Hello everyone, today is Monday, July 28. I was patient about a few things today. One thing is that I am waiting a day to inquire about the weight loss program, because I might try to do a php. Another thing is that I got mad but stayed at my mental health program without leaving. And this resulted in buying some candy at walgreens, as well as some detergent that I needed. Another thing is that I did not apply for a credit card. I might apply for the US Bank credit card. But I do not know for sure.
I am trying to mentally prepare for stopping my facebook page if I have to for financial reasons. I just think that wastes an opportunity to bless people in a way that I like being blessed which is through cute or funny memes.
I made some chili this afternoon and it is yummy enough. It is kind of runny and I did not have chili seasoning or even taco seasoning this time. But I had garlic salt and it tastes fine to me. I might keep watching videos of people building cabins and eating meat and vegetables in the woods. I think that will make me appreciate the style of chili that I made. I wanted to add chicken but that is where I did not have patience and I will cook the chicken soon and use polynesian sauce with it. I mean actually I could make a corn chowder, couldn't I. Remember when Krsytn Skellenger made that corn chowder and I ate it like some kind of british orphan and then she gave me the rest of it to take home? Pretty funny.

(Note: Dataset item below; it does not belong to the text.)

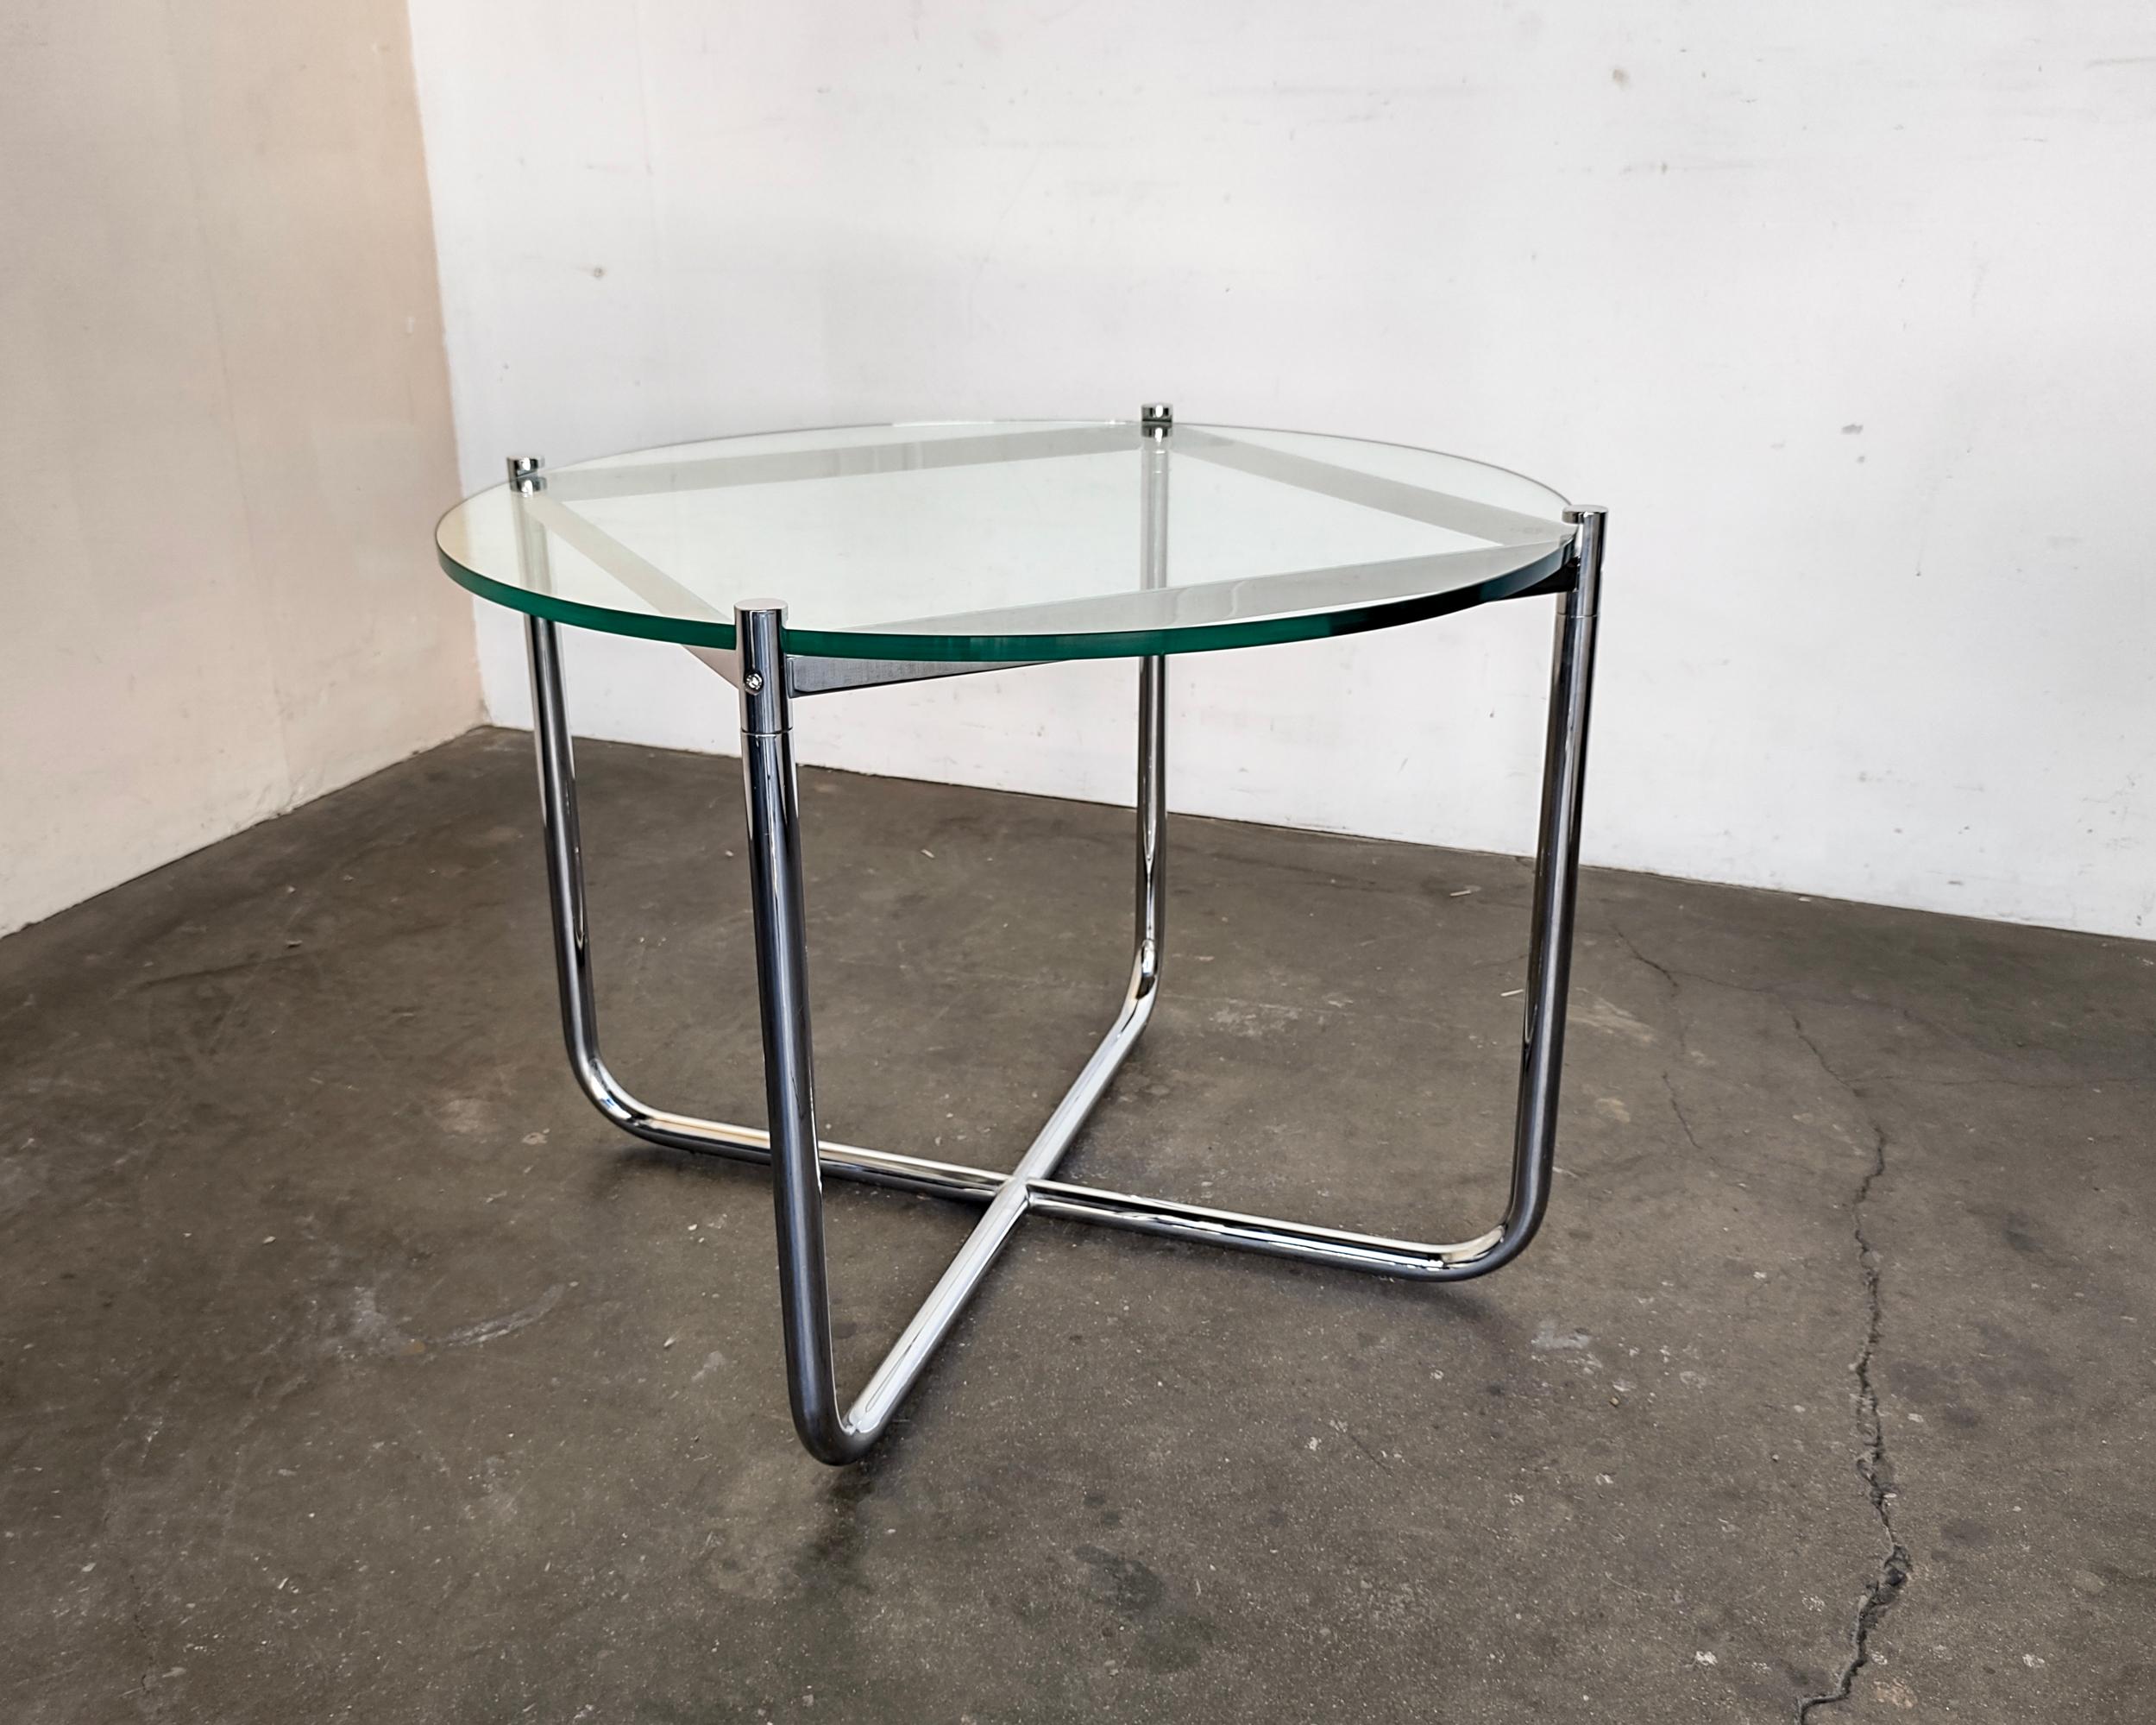 La table MR conçue par Mies Van Der Rohe présente son emblématique structure tubulaire courbée en chrome combinée à un plateau en verre épais. Conçu à l'origine pour la maison Tugendhat en 1927. Cet exemple a été produit par Knoll dans les années

I texted ravneet today with some complaints about the abuse I experienced for two years at the bridge. I mean it is a fact. I am trying to have some hope that things get better soon. I think my mom might have to have hip surgery and she is irrationally anxious and avoidant about it. I don't want to be her caregiver during the days of recovery. I did offer to travel there but I just don't want that role because of the nature of her abuse. I saw that my life would be like that but it is still hard to believe.
I think soon I will try to read some of the imaginary mice series and see if I am able to read sometimes. I was able to read poncheesy sometimes, and other times I could not read it.
Today I saw my orders for books and mistakenly thought that a few of my orders were from other people. And it just changes everything if I had any orders at all. But it is all zeroes. A lot of people have helped me in life, but there have been some terms that really cause some question of whether people did right.
Soon I am going to a nami group. Will it be creative writing or the suicide group. I do not really know. I have therapy tomorrow. I mean why go to the suicide group and tell everyone my most extreme feelings.